Wpis z mikrobloga

#anonimowemirkowyznania
Już wiem dlaczego tylu facetów narzeka, że dziewczyny o wszystko marudzą, do czegoś zmuszają, ciągle się fochają i jebią was jak psy. Sama też chyba zacznę trzymać swojego faceta za jaja jak patrzę co on wyprawia.
Ale zacznijmy od poprzedniego chłopaka. Po nieudanym dwuletnim związku ze względu na moje ciągłe czepianie się odnośnie ilości wspólnego spędzania czasu postanowiłam przeprowadzić eksperyment. Przy kolejnym facecie wyjęłam kij z d--y. Zero kar, s--s codziennie, zamiast awantur "Kochanie, bardzo proszę Cię kup kurczaka, zmyj zanim wrócę z pracy i poszukaj zleceń bo krucho z kasą". Może ze 3 razy zdarzyło się że prośbą cokolwiek osiągnęłam a nigdy nawet nie strzeliłam focha. Kończyło się tak, że wszystko ja gotowałam sprzątałam, robiłam zakupy i utrzymywałam dom. Zrobiłam z siebie pantofla - rozstaliśmy się po 3 miesiącach.

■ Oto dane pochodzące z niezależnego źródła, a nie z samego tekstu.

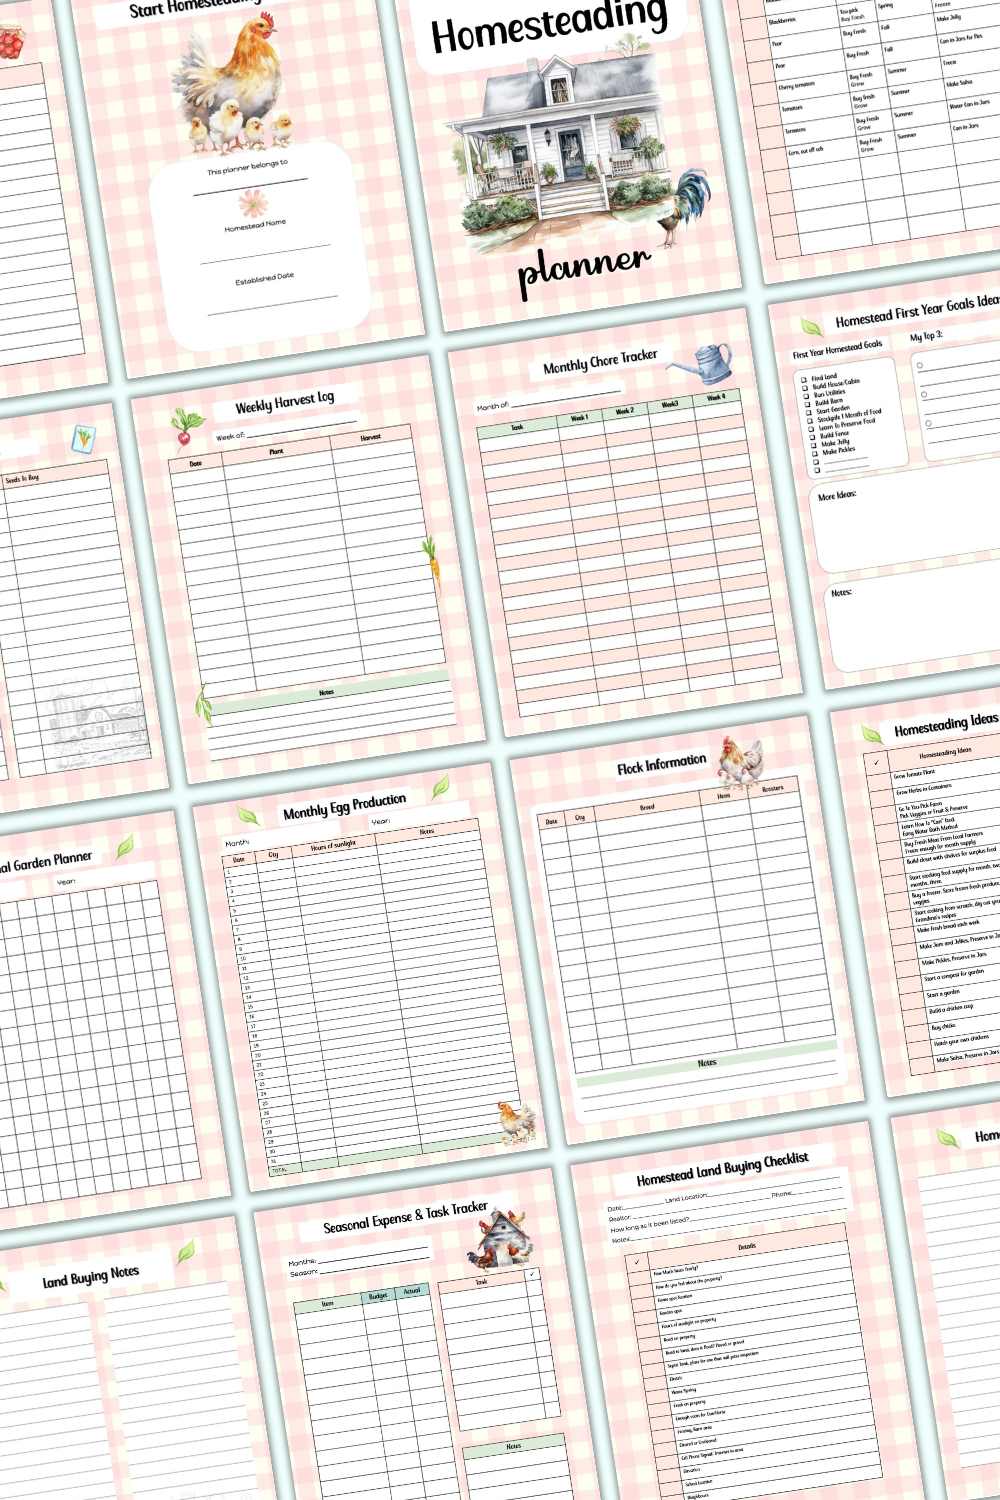 A preview of pages from a homesteading for beginners planner

Kolejny eksperyment, facet z którym spotykam się od 2 miesięcy Ma s--s jaki tylko zechce, regularne lodziki, obiadki, jestem najlepszą wersją siebie jaką mogę być, cały czas miłosne foteczki, smsiki, odbieranie z pracy z ulubionym piwem w dłoni mimo że po pracy jestem zmęczona i chora jak pies. A, wspomniałam, że od tych 2 miesięcy mieszka z byłą? I co w zamian? "Słoneczko wyprowadzenie się nie jest takie proste" "Słuchaj nie mogę dzisiaj Cię odebrać z pracy bo Karolina zepsuła zamek i muszę naprawić" "Nie przyjdę bo jestem zmęczony" "W ogóle cię nie obchodzę, nie okazujesz mi uczuć, skąd ja mam wiedzieć czy da mi się z Tobą żyć?" "Musisz wierzyć w naszą miłość"
No w-------m się wczoraj. Coś we mnie pękło, bo pierwszy raz odmówiłam seksu po tym jak byłam 10 godzin w pracy, na jakimś zasranym koncercie jego kolegi wymęczona tak, że ledwo szłam. Od razu foch i zaczyna oglądać smsy i "Ja sobie idę bo nie mam co robić". W-------m się. Nie odezwałam się słowem, wyspałam, od rana załatwiłam mnóstwo spraw i ani słowem do niego nie napisałam. Kiedy zaczął marudzić, że jestem oschła wygarnęłam mu co myślę na temat jego mieszkania z byłą (Mało jest wolnych mieszkań? Nawet na filmach w ciągu tygodnia facet wyprowadza się od swojej eks), na temat jego spóźnień, odwoływania spotkań (marnowanie mojego czasu), na temat jego zasranych wymówek jak mamy cokolwiek robić poza chlaniem piwa na kanapie. Ustaliłam termin rozmowy na dzisiaj PUNKTUALNIE na godzinę i już dostaję info że się spóźni. Odpisałam tylko, że miał czas na rozplanowanie dnia i nie bardzo mnie to obchodzi, spotkamy się w przyszłym tygodniu. Od razu zmiana tonu wobec mnie.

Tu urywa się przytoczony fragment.